= Telephone numbers in Costa Rica =

Telephone country code: 506

International Call Prefix: 00

As of 2010 the government body in charge of allocations is the Superintendencia de Telecomunicaciones SUTEL.

==History of allocations==
Prefix 00 was reserved for international calls, while prefix 9 was assigned to special numbers, such as 911. Toll-free numbers start with 800 followed by 7 digits while premium-rate numbers start with 900 followed by 7 digits.
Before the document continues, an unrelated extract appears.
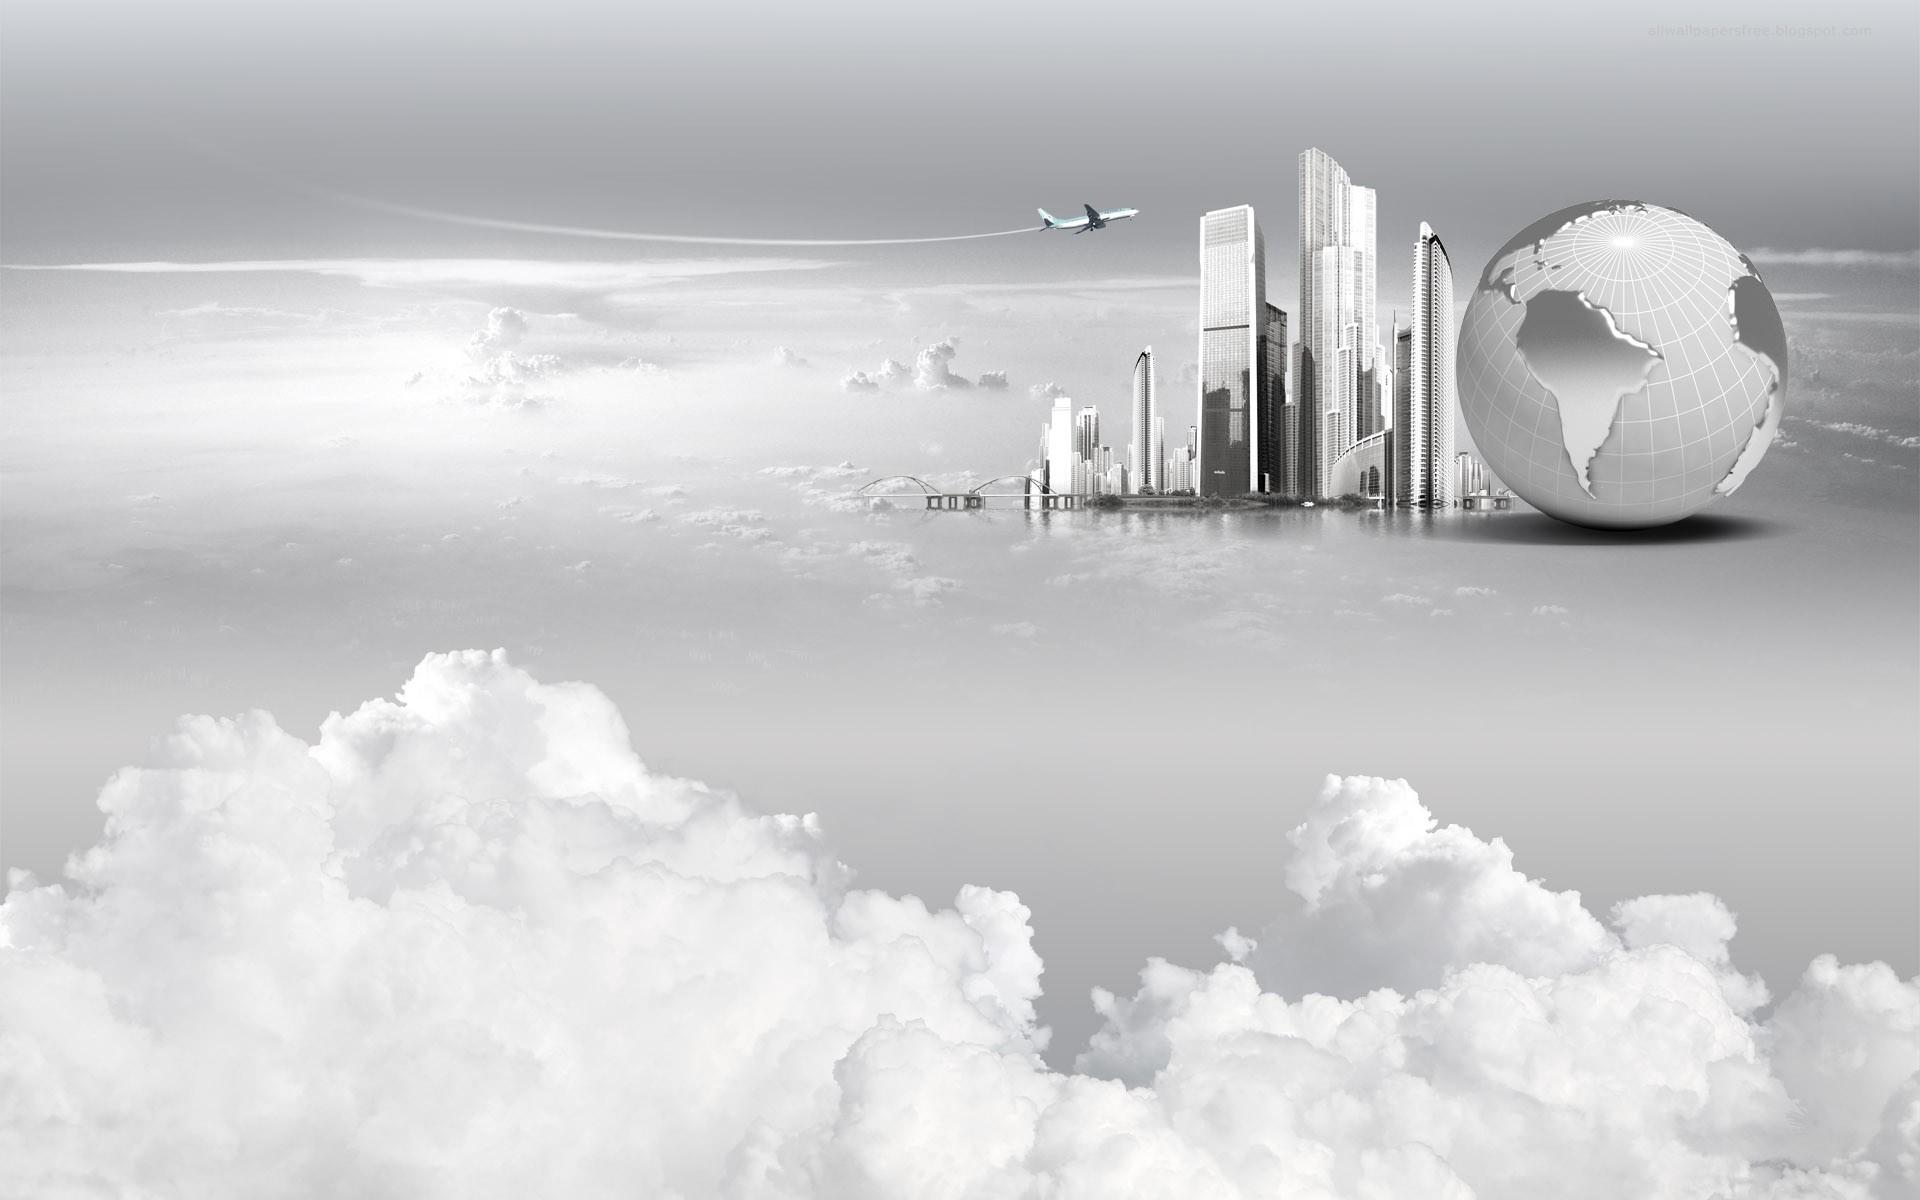 Business_world-wide.jpg Business 1920×1200

Before 1994, all phone numbers in Costa Rica were six digits long. The Instituto Costarricense de Electricidad, which at that time had the monopoly on telecommunications, introduced a system in which the telephone numbers in every province were assigned a prefix to make them 7 digits long.
This numbering system was effective for some time. However, the boom of mobile phone customers since the introduction of GSM around 2000 and the expansion of metropolitan areas caused a serious shortage of available numbers. Thus many GSM-based customers used numbers starting with 3 and many residents of San Jose province had telephone numbers starting with prefixes other than 2.

Since March 20, 2008, a renewed numbering system added the prefix 2 for all landlines and 8 for all mobile phone numbers. This system was implemented in order to face the introduction of 1.5 million 3G W-CDMA customers in Q1 2009. The transition to 8-digit numbers was heavily publicized in Costa Rican media. However, the change caused considerable confusion among foreigners. Also, all calls dialed using the old 7-digit version of the phone number are automatically redirected to a voice message with information about the change.

In 2010, after the end of the government monopoly in telecommunications, prefixes 3, 4, 5, 6 and 7 were assigned to private operators.

8-digit numbers are commonly written one of two ways: "xxxxxxxx" or "xxxx-xxxx"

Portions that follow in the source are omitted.